The White House wants to help you move out of your parents’ basement. That was the message from Jason Furman, the chairman of the White House’s Council of Economic Advisers, at the Zillow Housing Forum in Washington yesterday.
Here are the basics: housing is a big driver in the U.S. economy. Young people aren’t buying houses during the recovery at as high a rate as they did historically, which is at least part of the reason that the housing recovery (and thus the great economic recovery) from the Great Recession has been sluggish. The question is why, and to what extent will this trend become permanent?
The two giants of the beverage empire reported earnings this week, with PepsiCo outperforming estimates and Coca-Cola missing them.
For Coke, global sales volume rose 3 percent, but beverage sales were flat in North America.
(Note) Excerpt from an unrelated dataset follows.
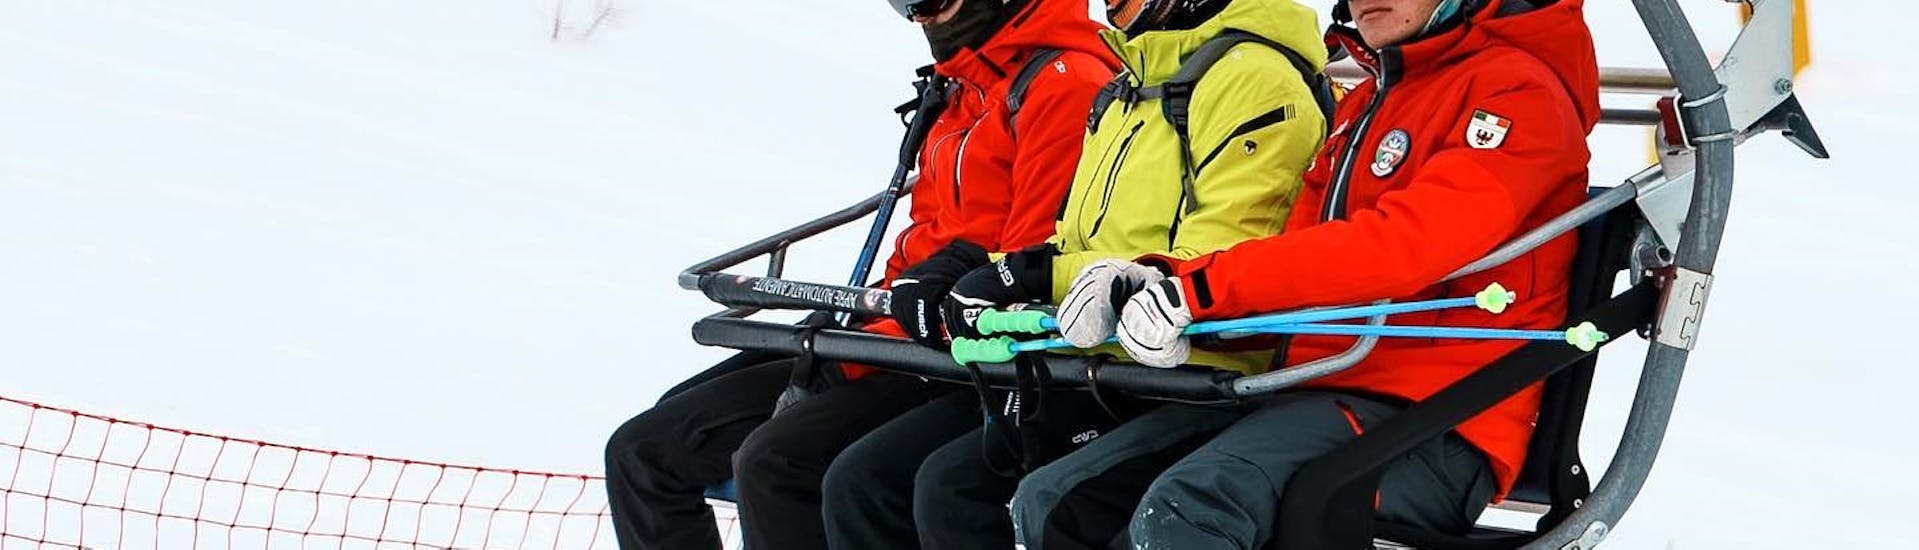 Skilessen voor kinderen vanaf 14 jaar.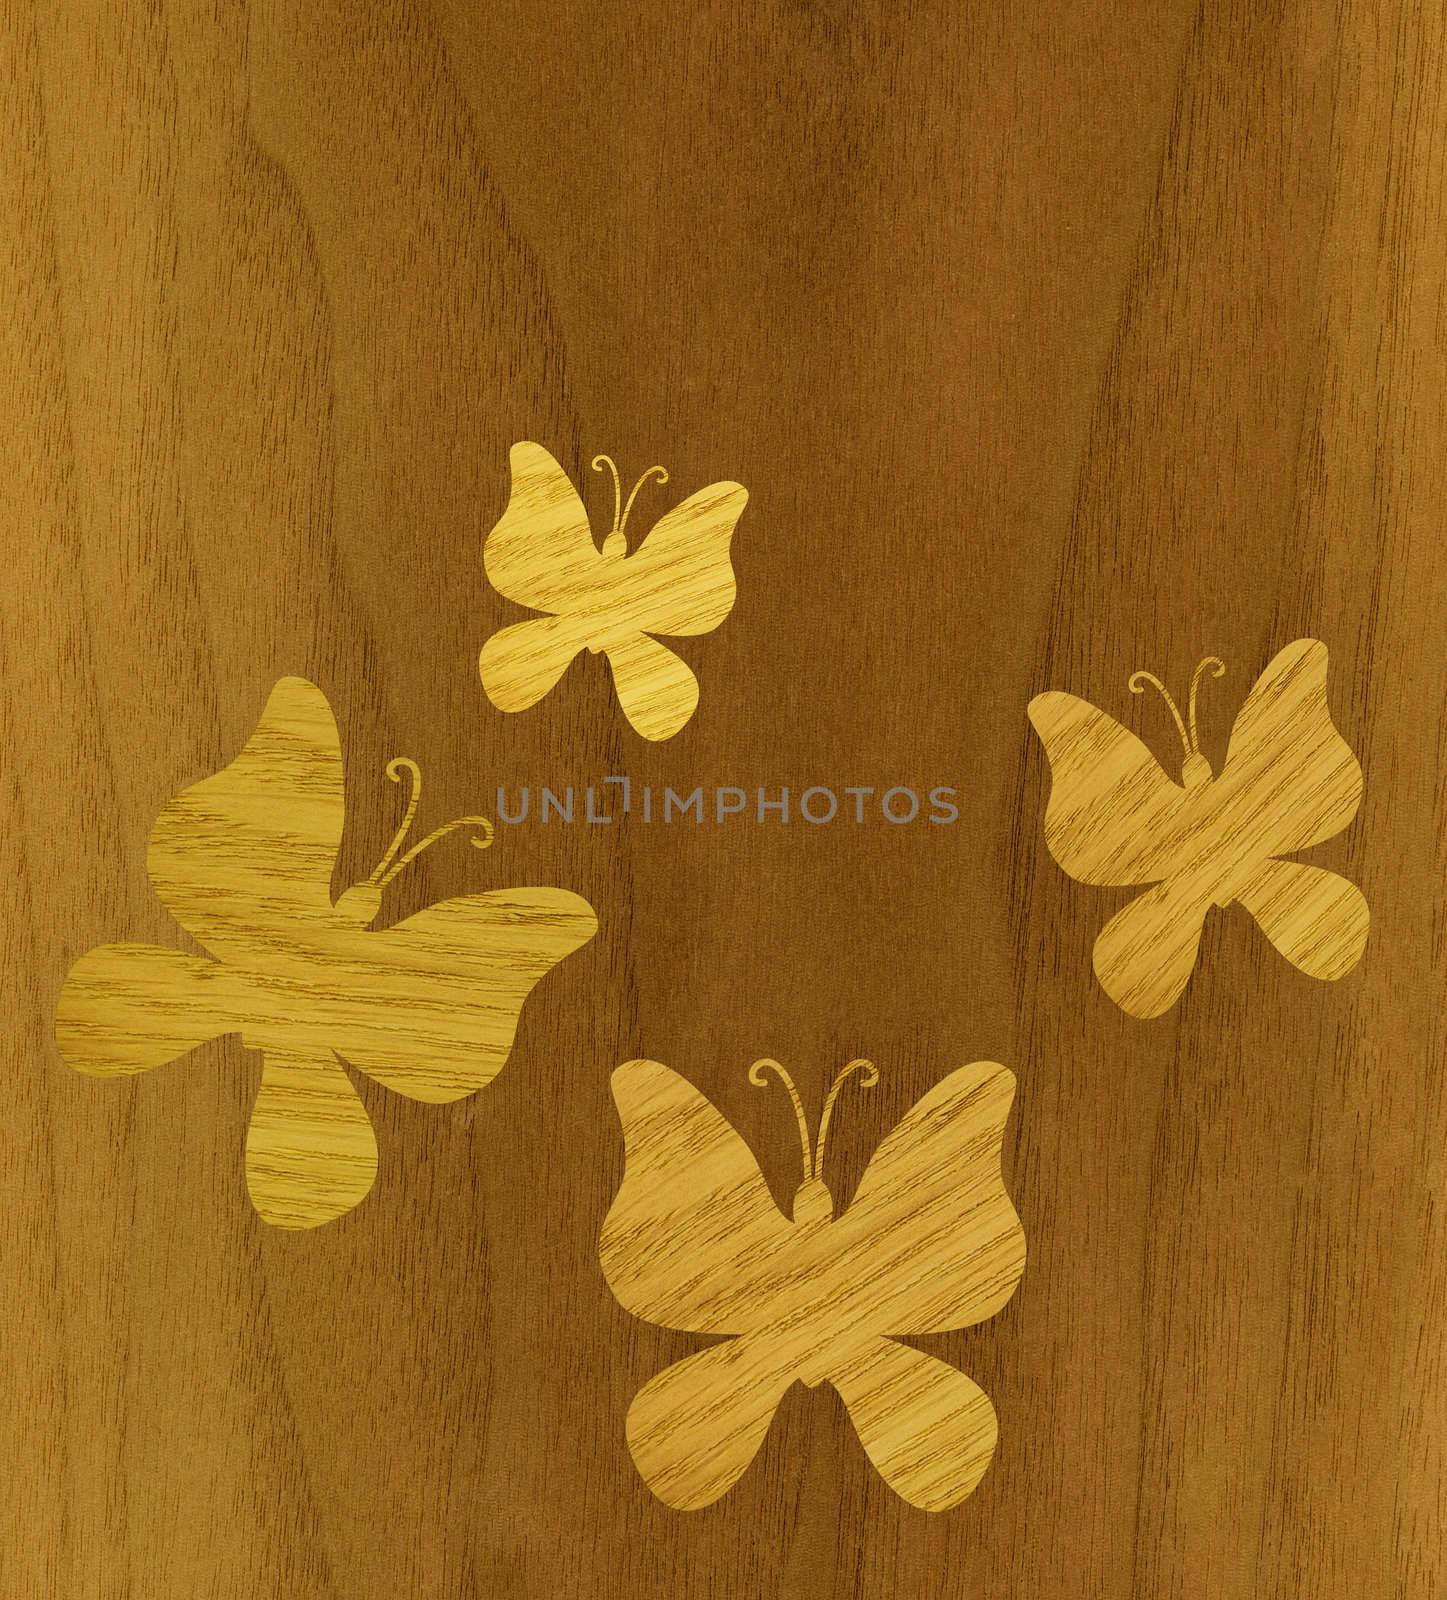 Marquetry, butterflies of ash wood veneer against the background of teak wood

This is partly because Americans are drinking fewer diet sodas, Reuters reports. Interestingly, sales of regular Coke rose 1 percent in North America, which the company attributes to “demand for smaller packages of the product, which Coke has found to have generated more ‘brand love.’”
The Herbalife saga continues. Yesterday, Bill Ackman made what he claimed would be the most important presentation of his career: a three-and-a-half-hour slideshow detailing how the company’s nutrition clubs prove it is a pyramid scheme. If you put “three-and-a-half hours” and “power point” together and guessed that many felt Ackman’s event failed to live up to the hype, you would be correct. David Gaffen spent most of the time during the presentation tracking the steady rise in Herbalife’s share price. At one point yesterday it was up 25 percent over where it had opened.
Herbalife’s statement on the presentation seized on this: “Once again, Bill Ackman has over-promised and under-delivered on his $1 billion bet against our company.” John Hempton at Bronte Capital (long a supporter on the Herbalife side) didn’t find Ackman that convincing. He says he too has done a lot of research on the company and its nutrition companies. “This is not a pyramid. There are plenty of real sales to real people … Its a lousy business but it is a business in which people have integrated their lives and their families,” he writes.